■ **PROBLEM STATEMENT**:
Below are some records. Write out exactly their lines from the one with "color preferences by gender" through the one with "スクリーンショット 2015-02-24 14.34.34", and leave the pictures behind.

■ **SUPPLIED RECORDS**:
------------
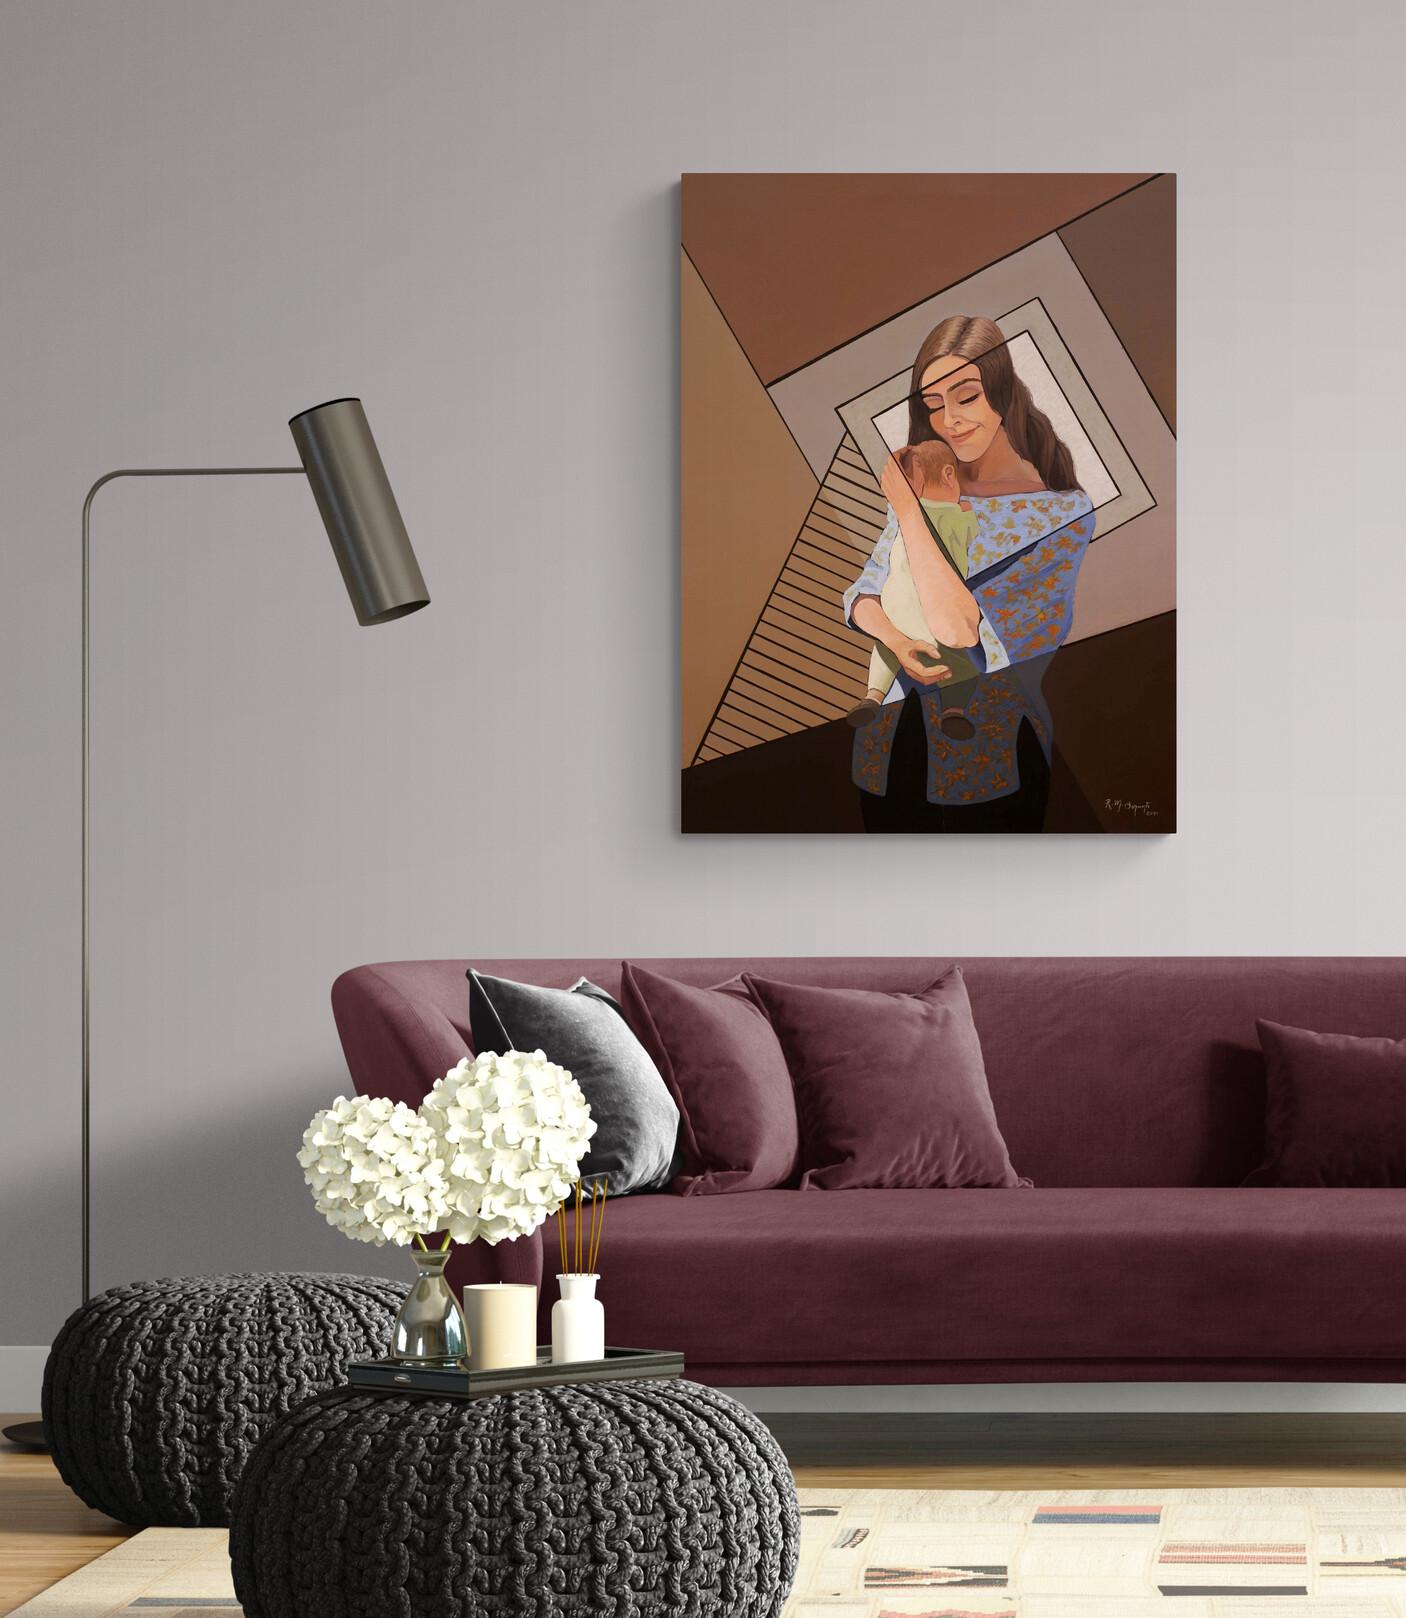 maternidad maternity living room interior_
------------
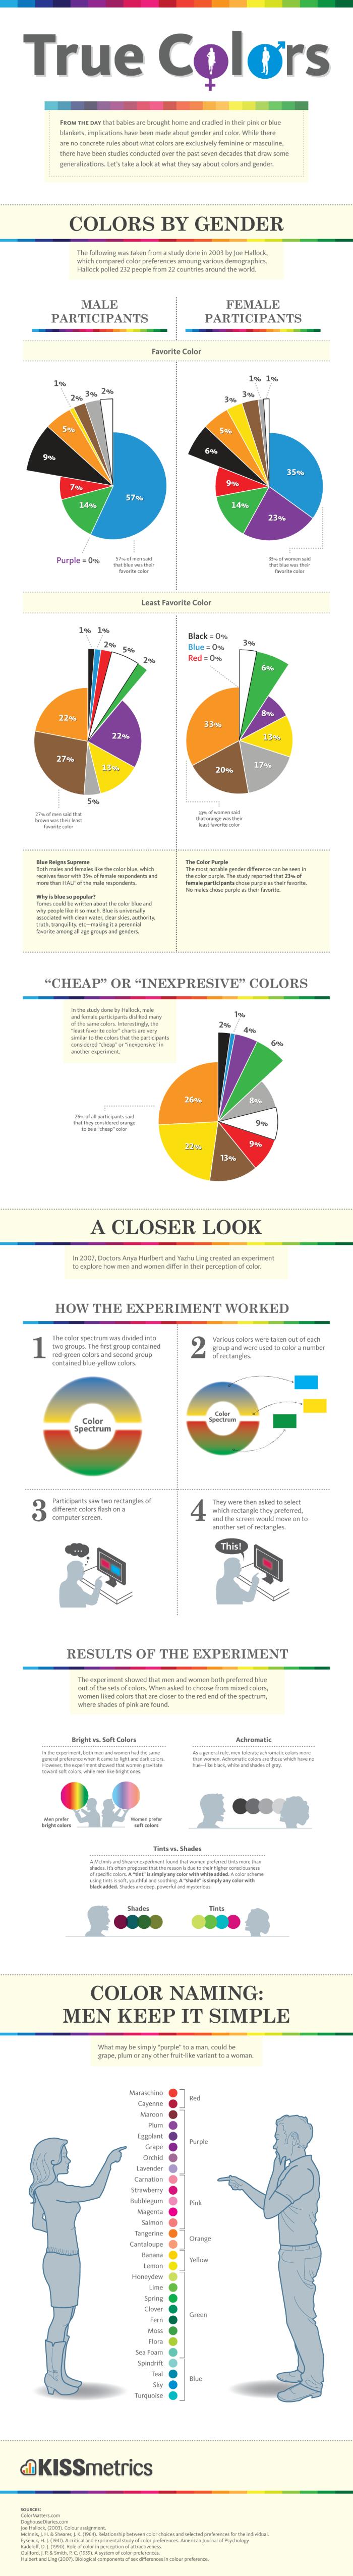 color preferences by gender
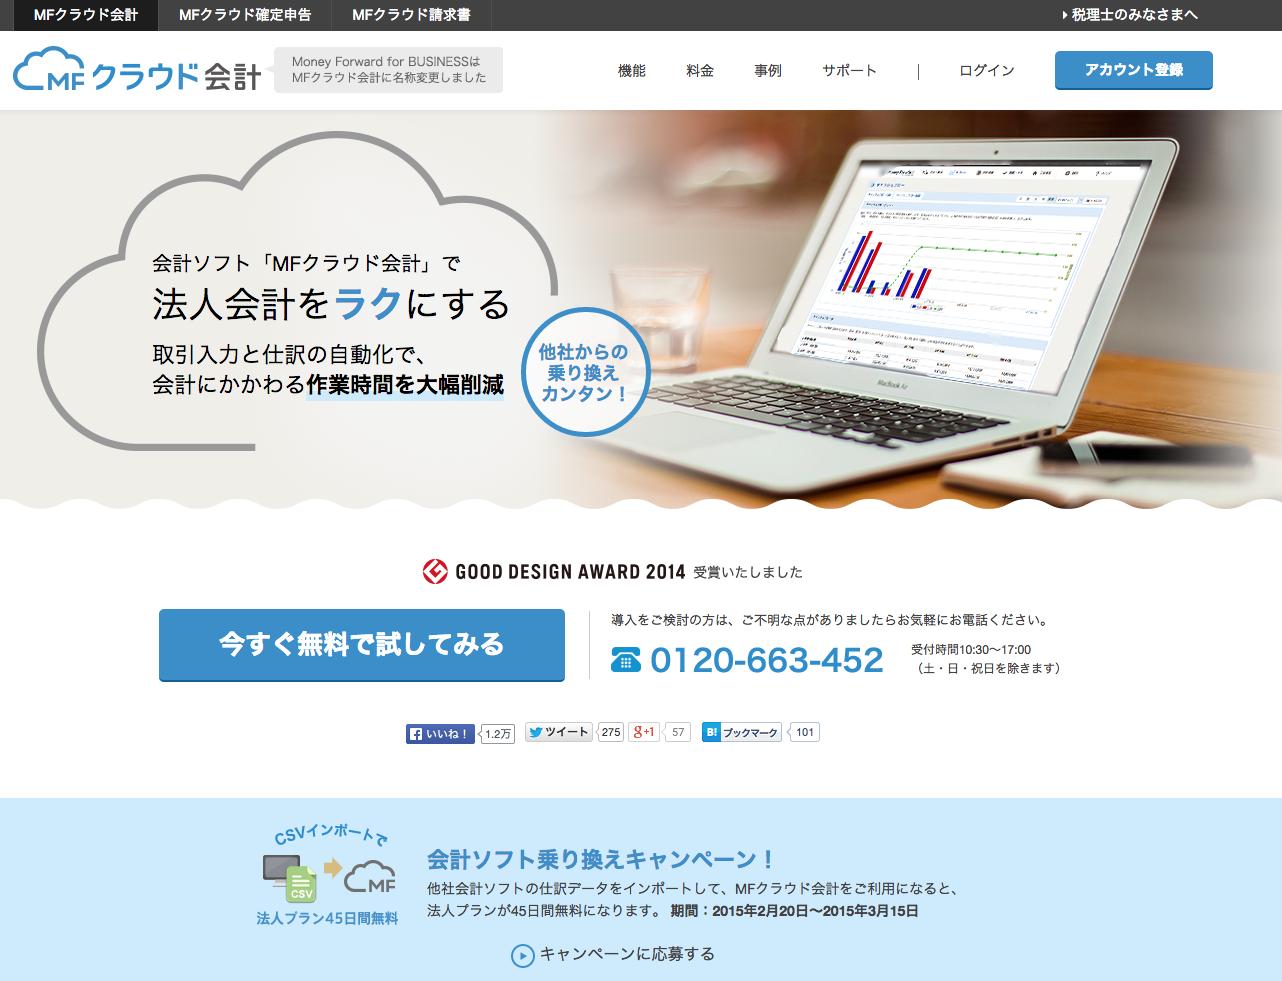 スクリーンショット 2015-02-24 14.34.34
------------
■ **SOLUTION FOR THIS EXERCISE**:
 color preferences by gender
 スクリーンショット 2015-02-24 14.34.34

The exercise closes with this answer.